Ignoring Hebrew Vowels When Comparing Strings

Question

Ignoring Hebrew Vowels When Comparing Strings

Good evening, I hope you can help me with this problem, as I struggle to find solutions.

I have a provider of words that give me, for example, words from Hebrew, -

Vocals - ב ַּ יִת not vowel - בית
Vowel - ה ַ ב ַּ יְתָה Non-Vowel - הביתה

Unlike my provider, my user cannot normally enter Hebrew vowels (and I do not want him to do this). A user story is a user searching for a word in the provided words. The problem is the comparison between vowels and unglazed words. Since each of them is represented by a different byte array in memory, the equals method returns false.

I tried to understand how UTF-8 handles Hebrew vowels, and it seems like these are just normal characters.

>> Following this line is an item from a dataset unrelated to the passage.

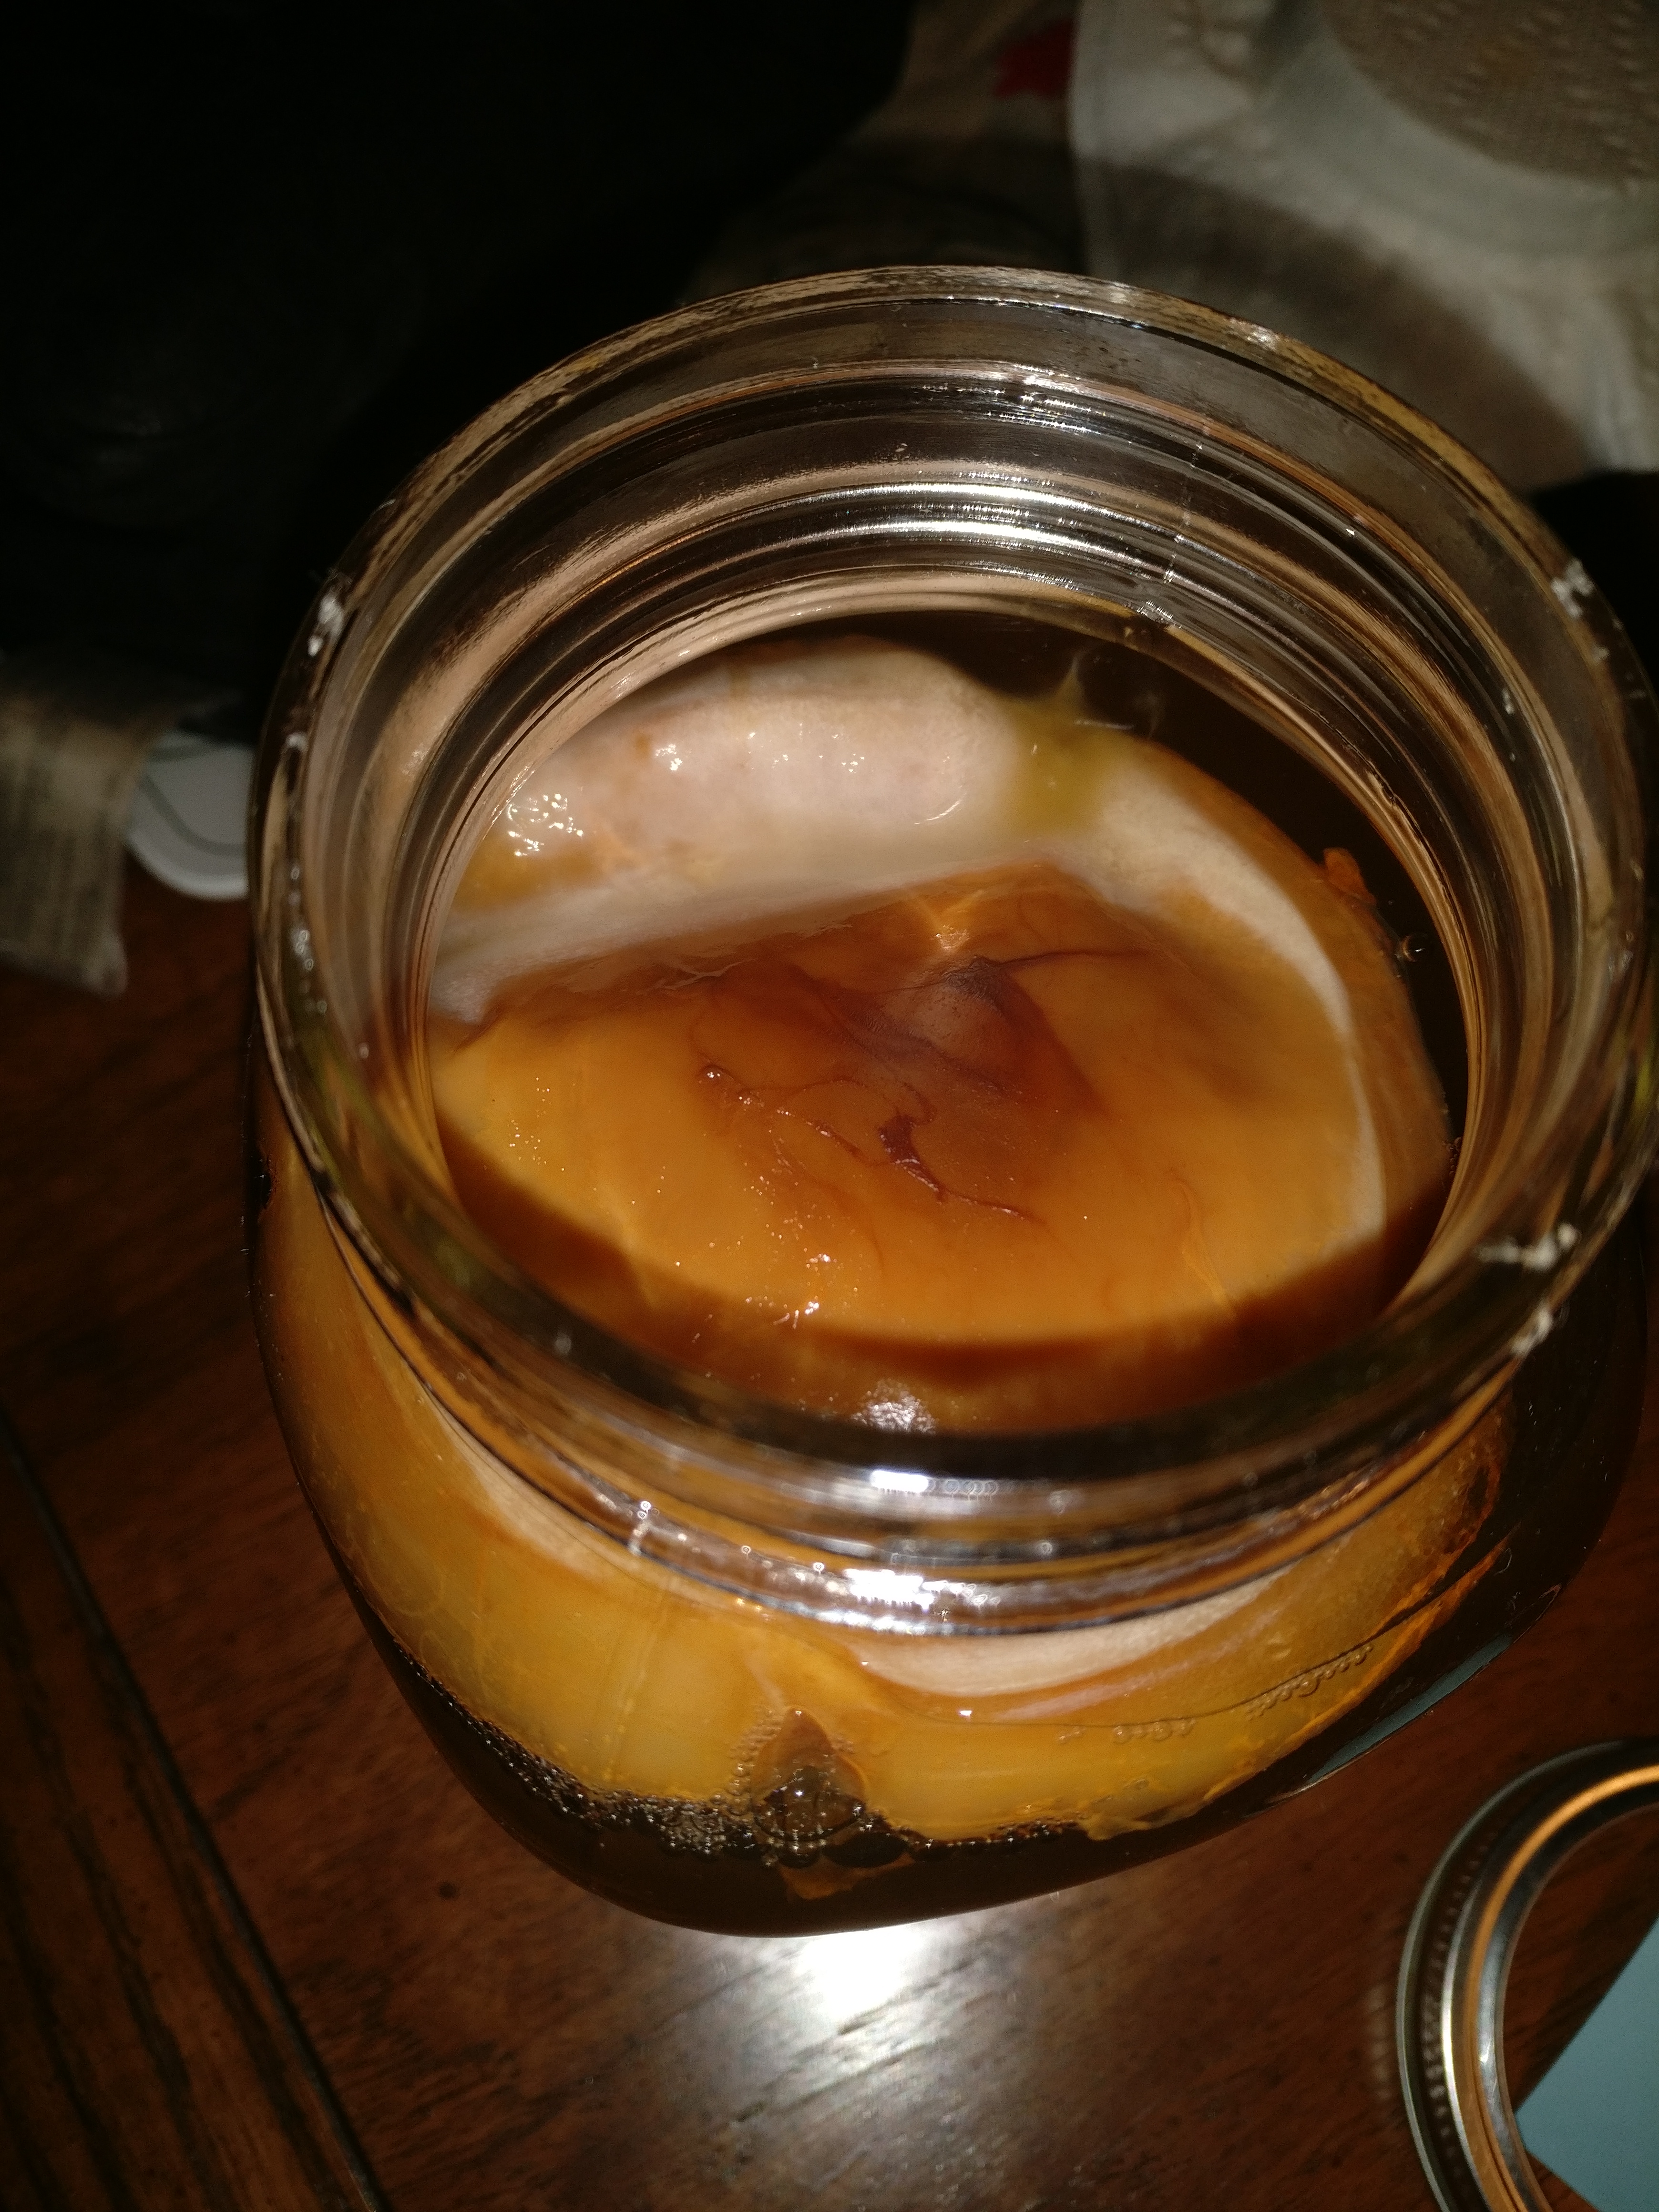 The SCOBY
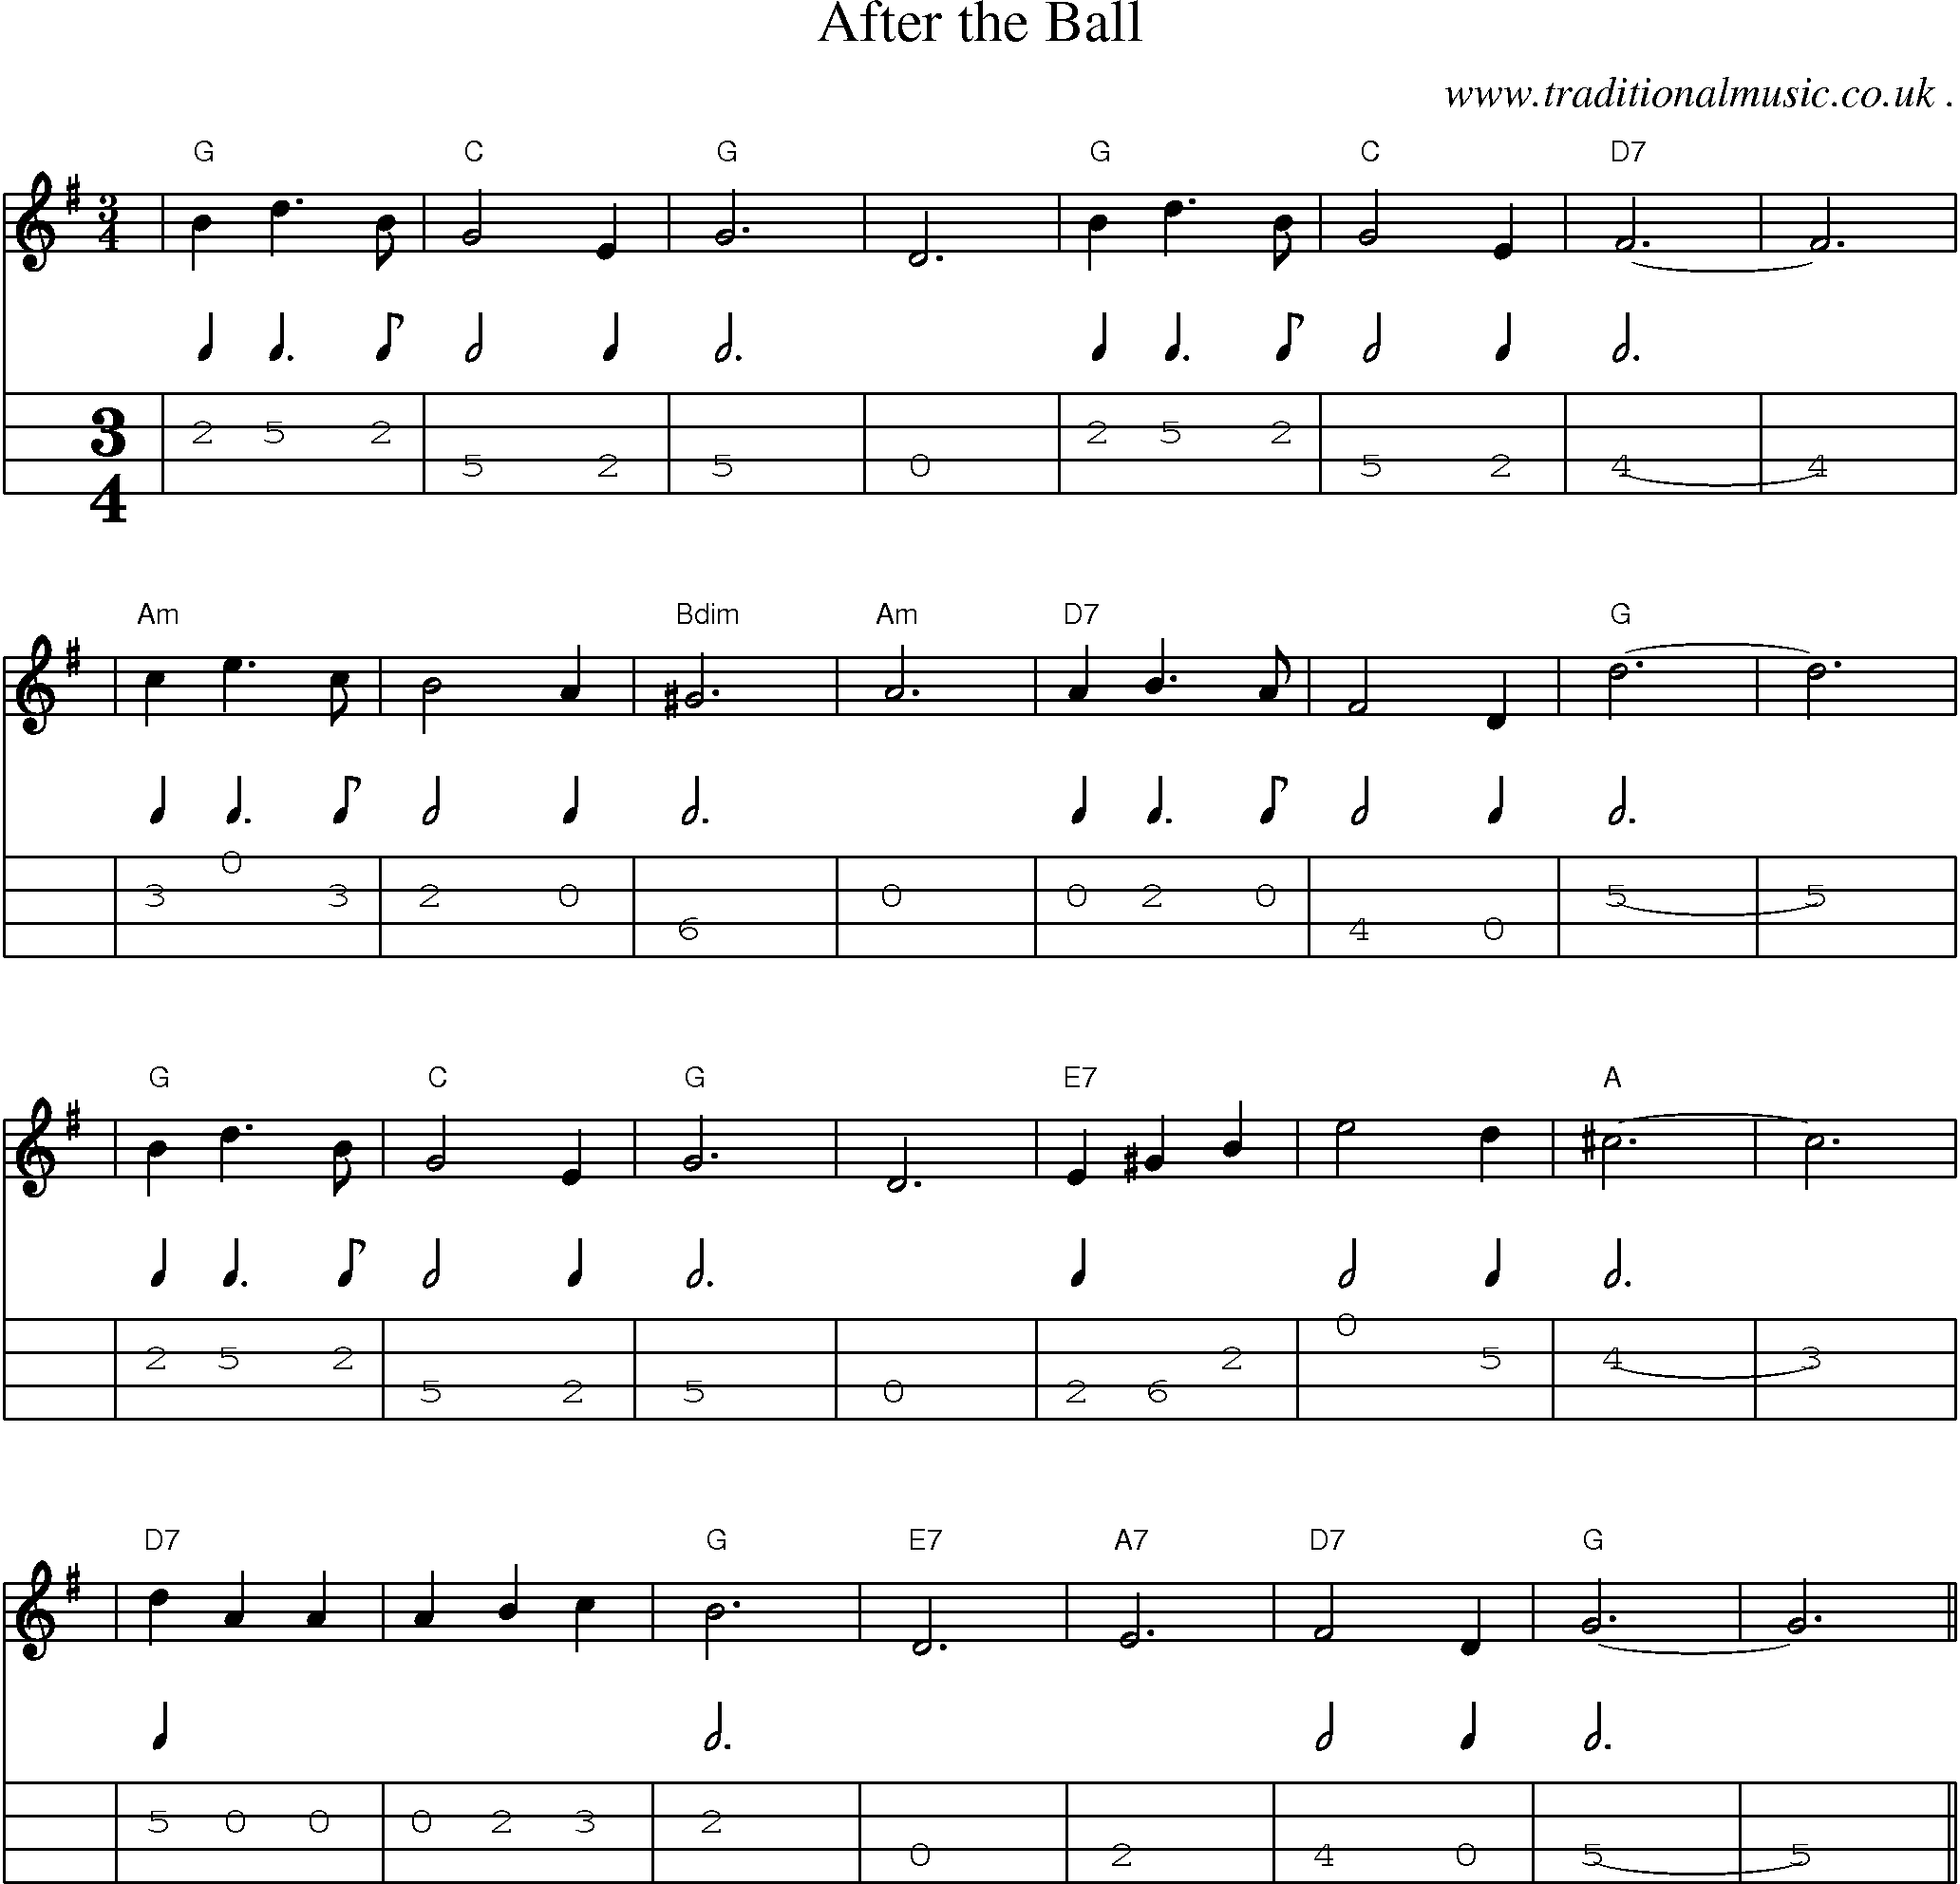 Music Score and Guitar Tabs for After The Ball

I want to present vowels to the user, so I want to keep the string as it is in memory, but when comparing, I want to ignore them. Is there an easy way to solve this problem?

+4

java encoding hebrew

user1708860 Oct 6 '12 at 20:17

source share

2 answers

AFAIK no. Vowel characters. Even some combinations of letters and dots are symbols. See the wikipedia page.

http://en.wikipedia.org/wiki/Unicode_and_HTML_for_the_Hebrew_alphabet

You can save the search key for your words as characters only in the range 05dx-05ex. You can add another field for a word with vowels.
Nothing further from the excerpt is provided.